WHAT TO WORK ON
Return the whole listing exactly, omitting the pictures.

SOURCE MATERIAL
Content starts

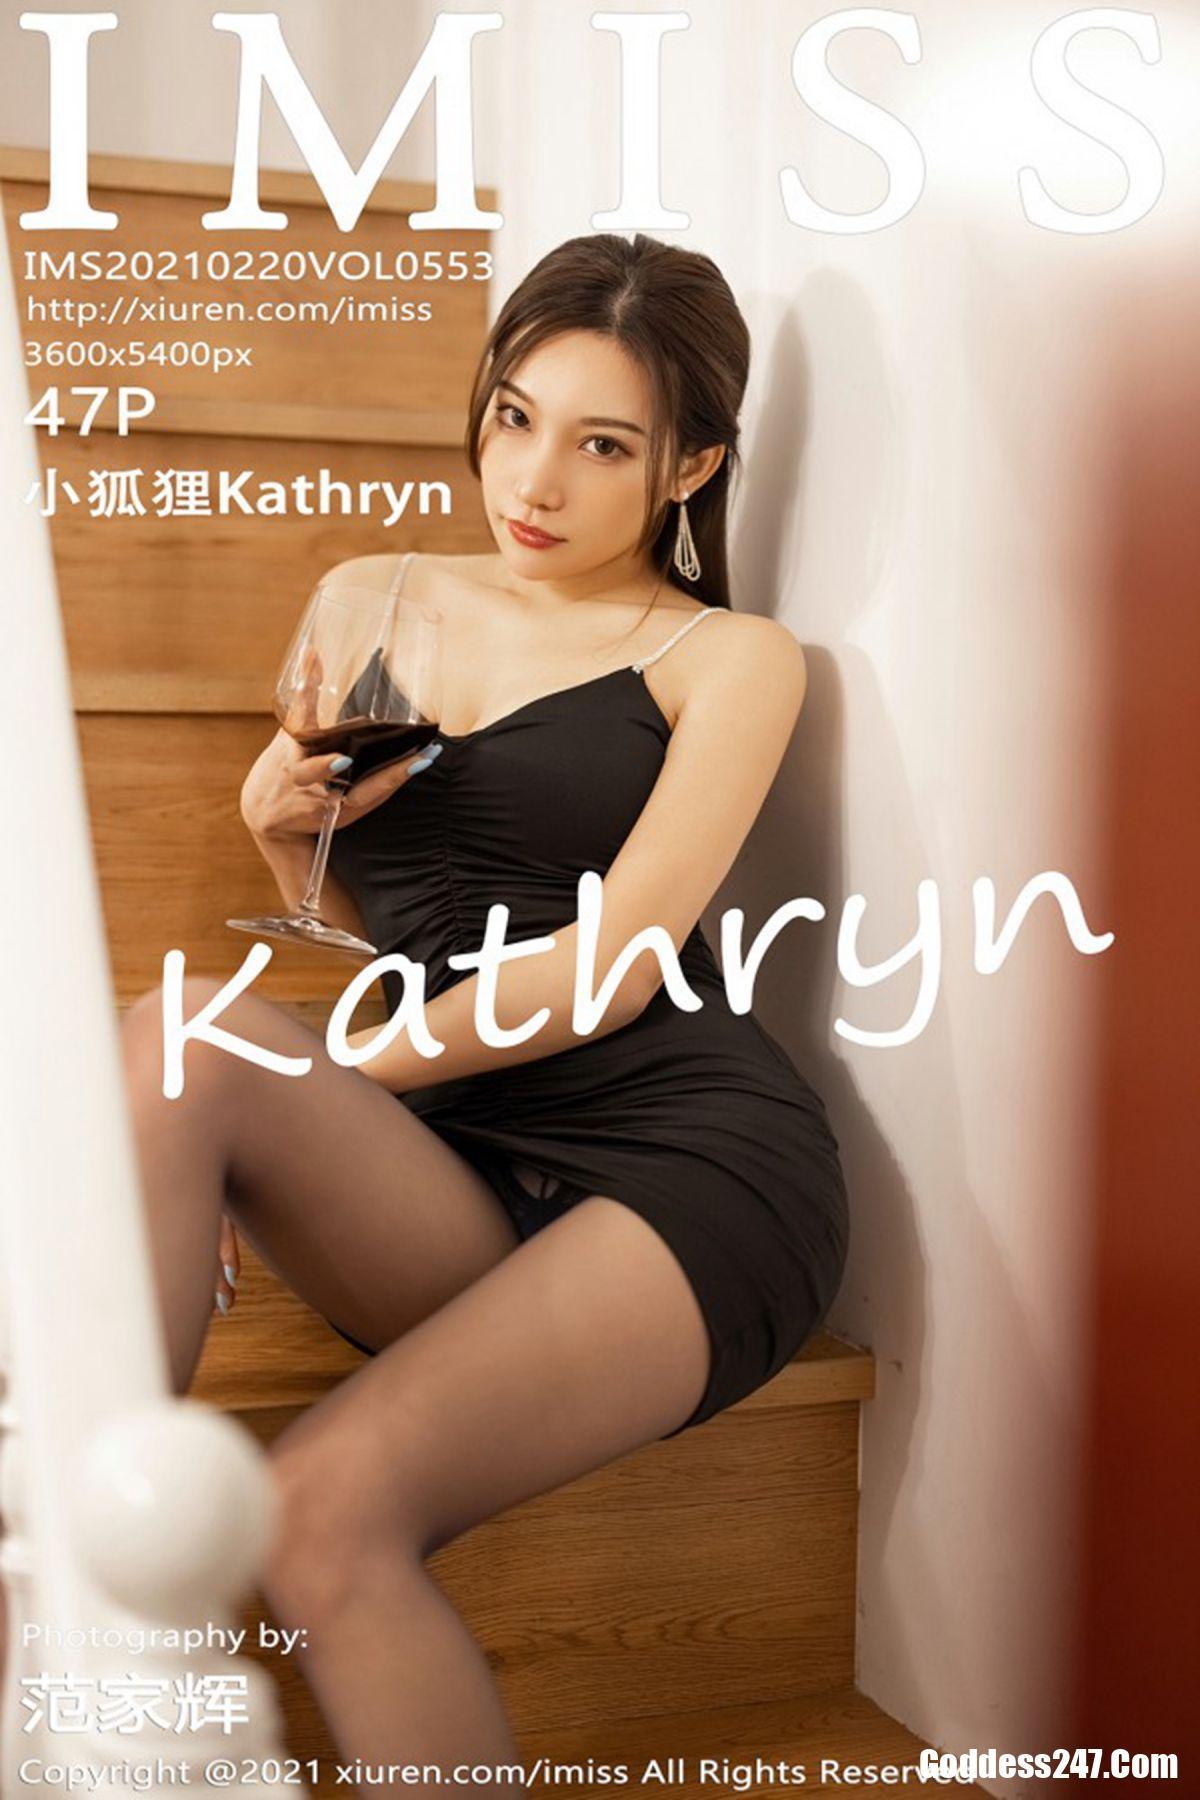 IMiss爱蜜社 Vol.553 小狐狸Kathryn
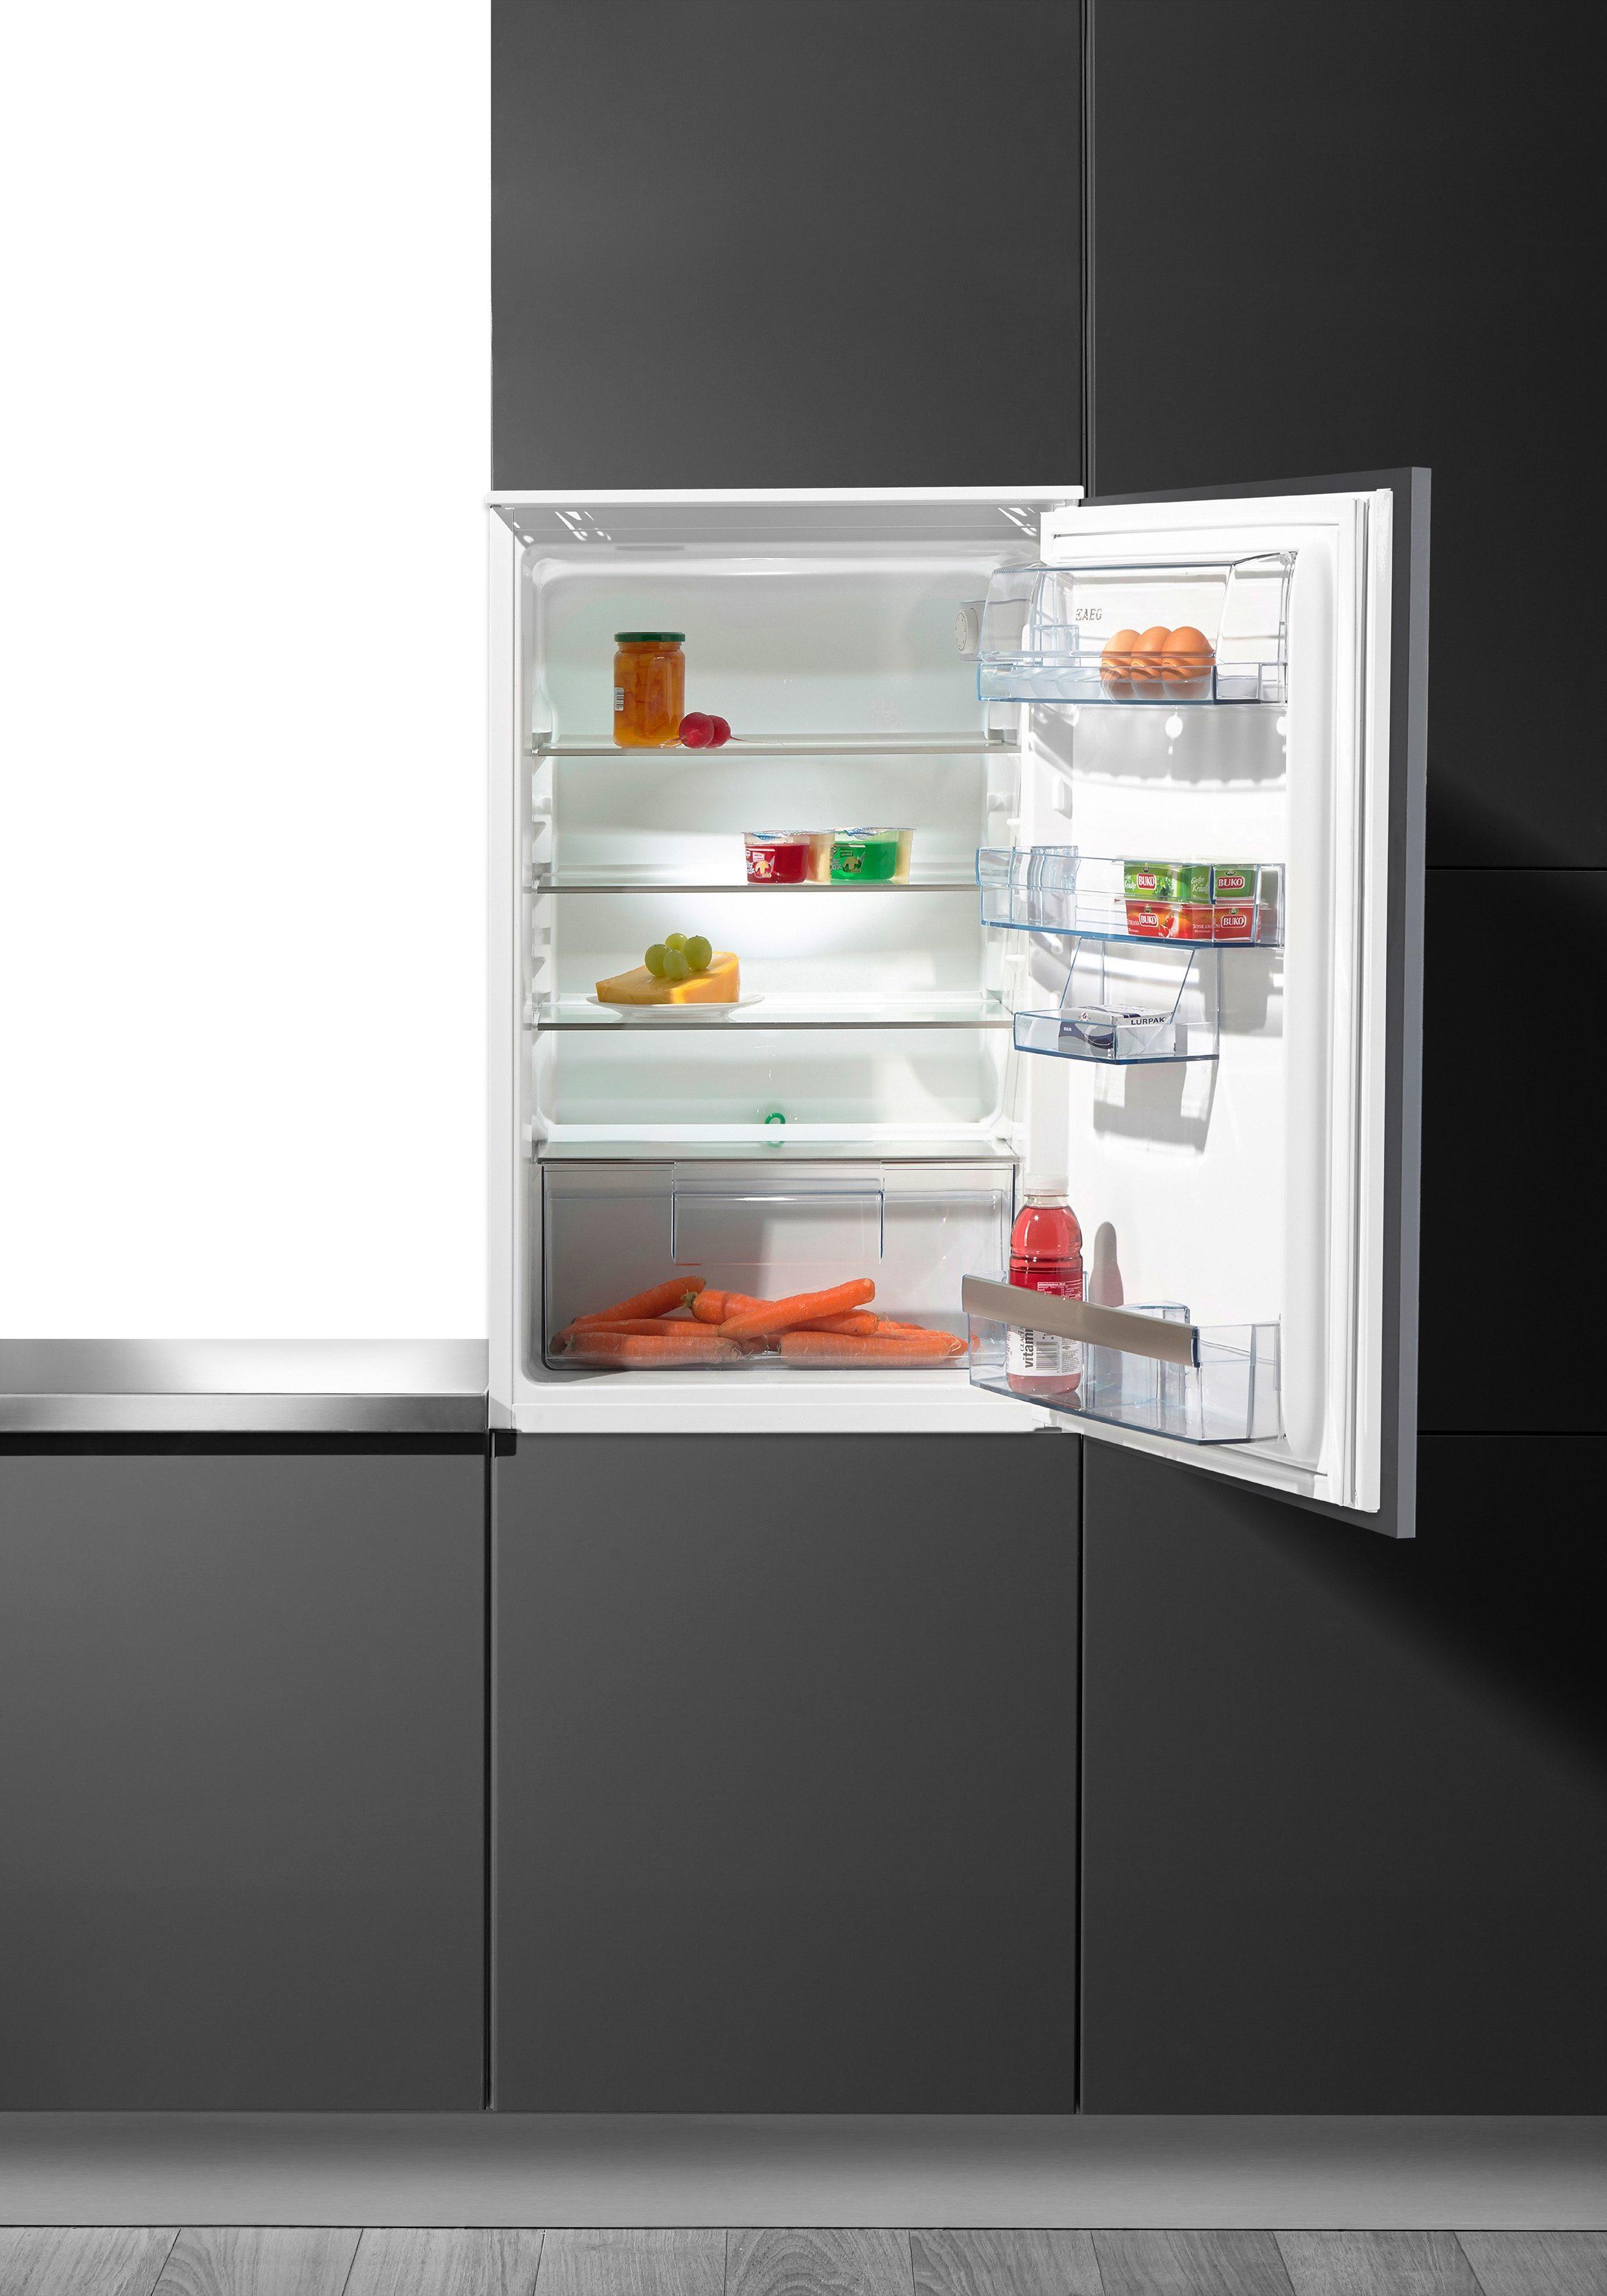 AEG integrierbarer Einbaukühlschrank SANTO SKS68800S2, A++, 87,3 cm hoch
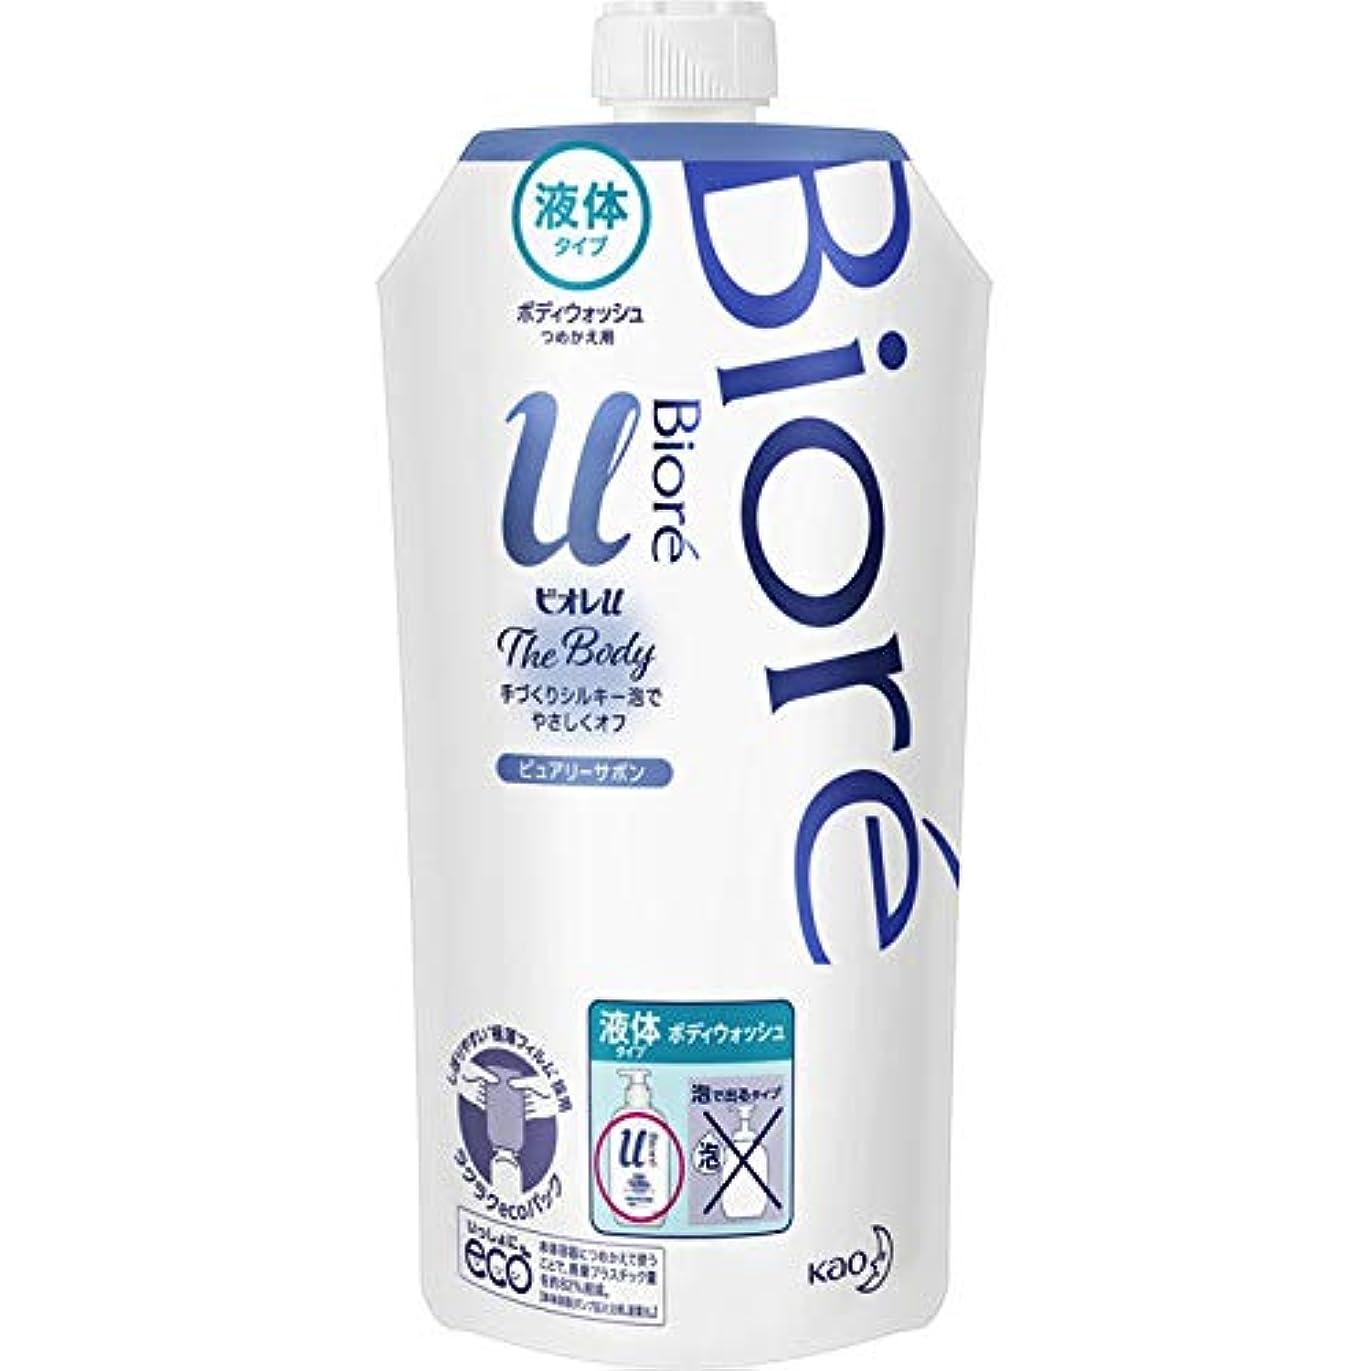 価値のないジーンズ思慮深い花王 ビオレu ザ ボディ液体ピュアリーサボンの香り 詰替え用 340ml

Content ends

RESULT OF THIS EXERCISE
 IMiss爱蜜社 Vol.553 小狐狸Kathryn
 AEG integrierbarer Einbaukühlschrank SANTO SKS68800S2, A++, 87,3 cm hoch
 価値のないジーンズ思慮深い花王 ビオレu ザ ボディ液体ピュアリーサボンの香り 詰替え用 340ml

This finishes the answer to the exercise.